Which one is preferred cumin powder or seeds ? I like chili and cayenne, but for my taste and ribs it was too hot.


----------



## mdboatbum (May 16, 2014)

Cumin seeds will always have more flavor. Just toast them in a dry skillet over medium heat until you really start to smell them and/or they start to pop. Then cool for a couple minutes and grind to a fine powder in a coffee grinder.


----------



## savupoika (May 16, 2014)

I will try to toast next time, is it possible to grind them with mortel ? I dont own a coffree grinder.


----------



## mdboatbum (May 16, 2014)

Sure you can grind them in a mortar, it just takes a bit of work. If it were me, in that case I'd go with the powder. Yes the seeds taste better, but not THAT MUCH better to justify the time and effort of pulverizing them by hand.
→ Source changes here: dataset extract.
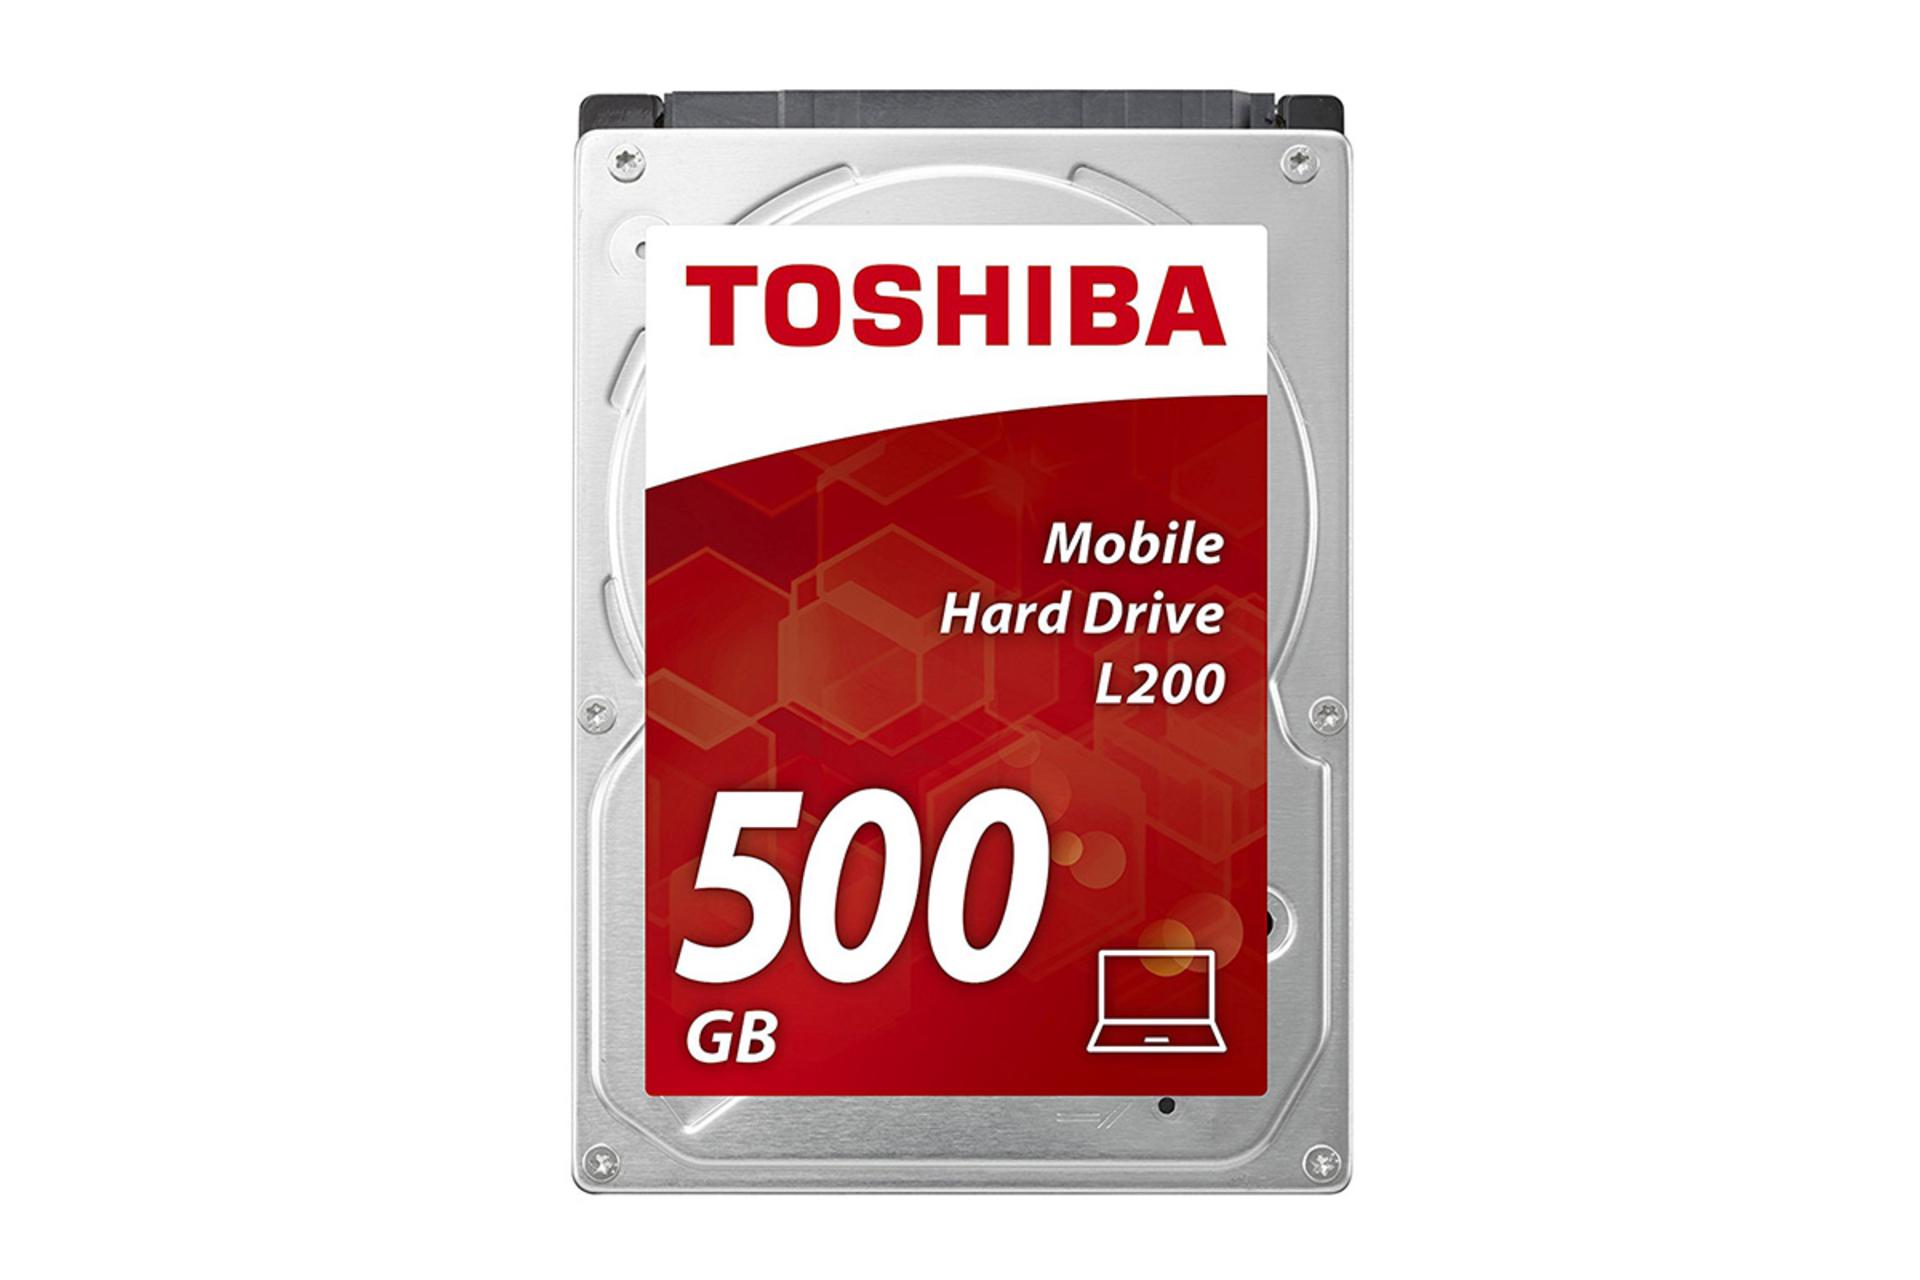 Toshiba L200 HDWJ105 500GB

EDIT: you can also grind the seeds in a blender or food processor.


----------



## savupoika (May 16, 2014)

Thanks. For this i used seeds since i didnt have powder and without toasting its way too hard. Is it much easier to grind them after toasting ?


----------



## mdboatbum (May 16, 2014)

Not really, it's still a pain.


----------



## savupoika (May 16, 2014)

Ouhhh


----------



## chef jimmyj (May 16, 2014)

I can back up the Bum. Chili powder is rarely hot. The Cayenne, Black and White Pepper is where all the heat is coming from. I use similar proportions and spices and can say with confidence that 1/2 cup Turbinado or Dried Brown Sugar, spread on a sheet pan and bake at 200° for 15-20 minutes, is the perfect amount for most people...JJ


----------



## savupoika (May 17, 2014)

I agree, this cayenne is very hot, ordered from Iherb its rated at 90.000 heat units (scoville i assume).


----------